Example: a VFD using hard-wired signals would need separate cables for start/stop, fault, run feedback, frequency setpoint, and feedback. Using a bus reduces wiring and increases monitoring capabilities.
6. Optical Signals
Optical signals are non-contact detection methods. Common applications: conveyor product detection, bottle positioning on packaging lines, robotic grasp verification.
- Advantages: non-contact, fast response, flexible installation.
- Limitations: sensitive to dust, oil, strong reflections, or misalignment.
Tip: clean the sensor lens; sometimes a simple wipe resolves intermittent errors.
7. Wireless Signals
With Industrial IoT, wireless signals are increasingly used: Wi-Fi, Bluetooth, Zigbee, LoRa, NB-IoT.
- Ideal for remote monitoring, dispersed data collection, or mobile devices.
- Suited for low-frequency, non-critical control.
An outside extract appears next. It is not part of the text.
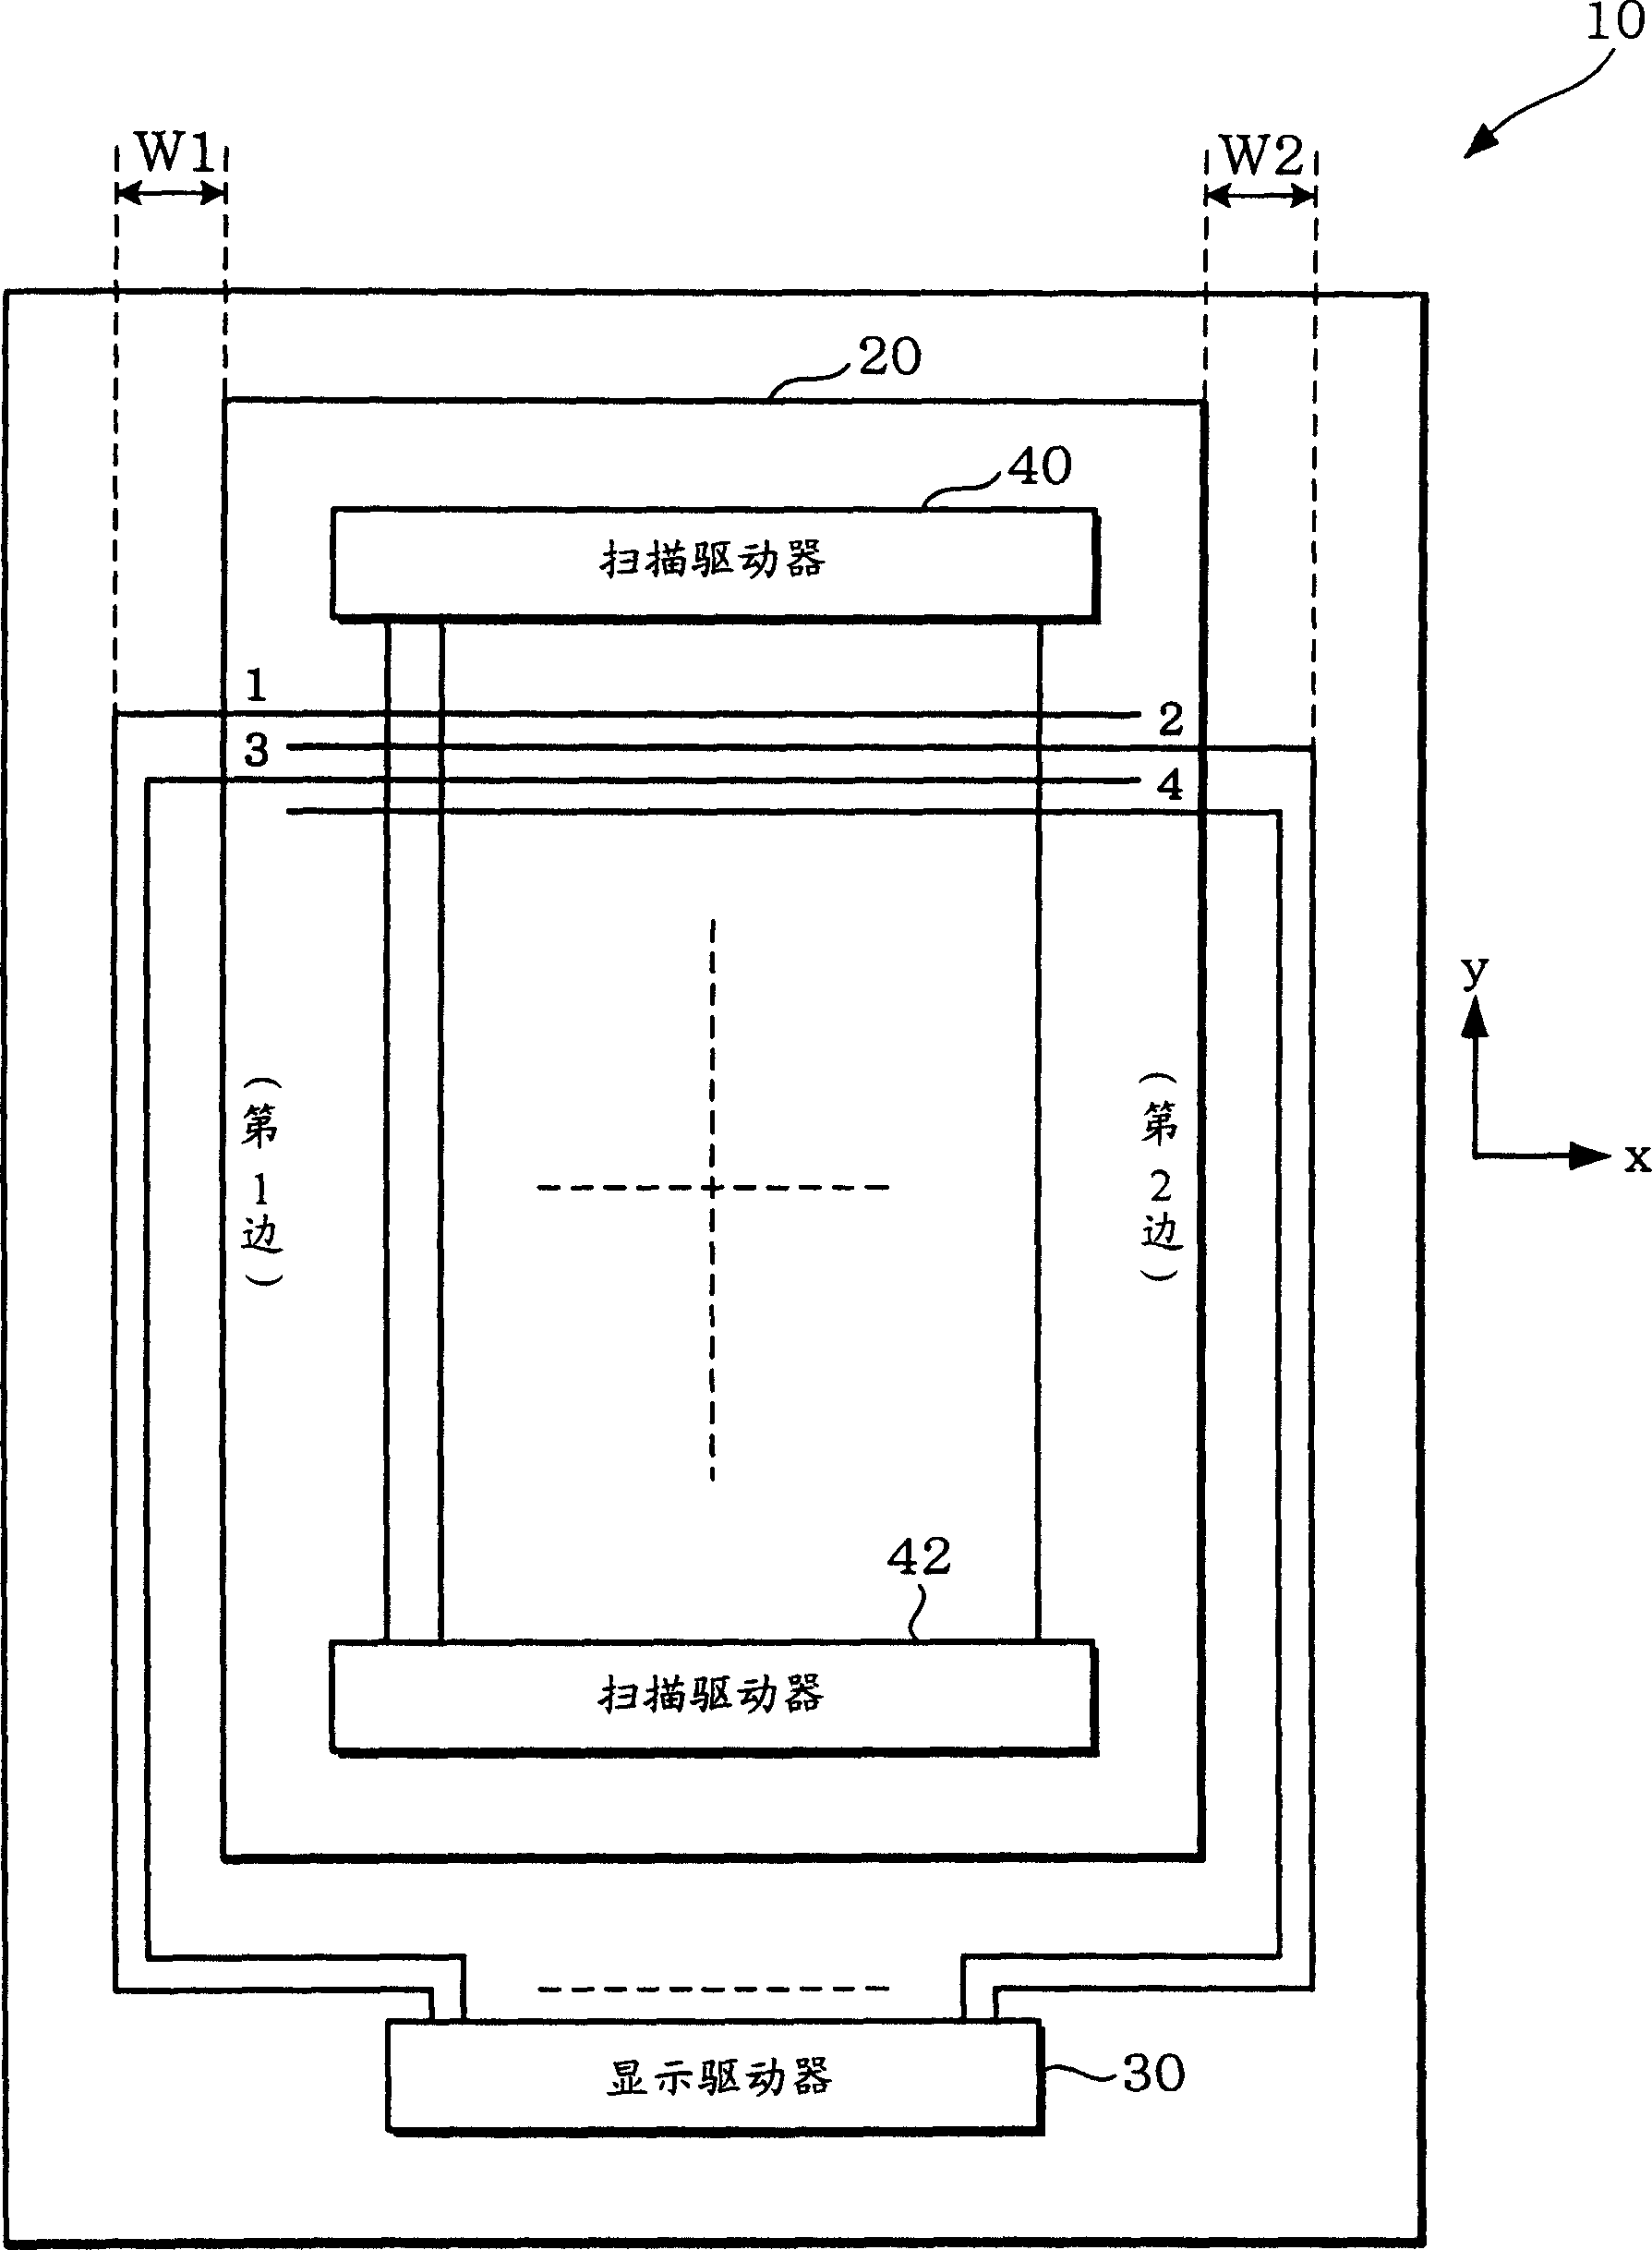 Displaying driver and photoelectric device

Critical safety or real-time control should not rely solely on wireless.
8. Signal Conversion
Signals often require processing before reaching controllers:
- Signal conditioning: filters, isolation, amplification for analog signals.
- ADC (Analog-to-Digital Conversion): converts analog signals to digital for PLC, DCS, or microcontroller use.
- DAC (Digital-to-Analog Conversion): converts digital control results into analog signals to control valves, VFDs, or actuators.
Key: check the whole chain—not just the sensor. Longer chains require step-by-step verification.
9. Troubleshooting Checklist
| Signal Type | Key Checks |
|---|---|
| Analog | Range, grounding, shielding, interference |
| Digital | Contacts, voltage, common terminal |
| Pulse | Frequency, cabling, response speed |
| Bus | Protocol, address, network status |
| Optical | Installation, contamination, reflections |
| Wireless | Environment, distance, stability |
Final takeaway: automation is essentially devices “talking” to each other. Signals are their language. Stable signals = stable control; accurate signals = accurate system. Reliable automation is not just about writing programs—it’s about knowing, monitoring, and managing every signal on site.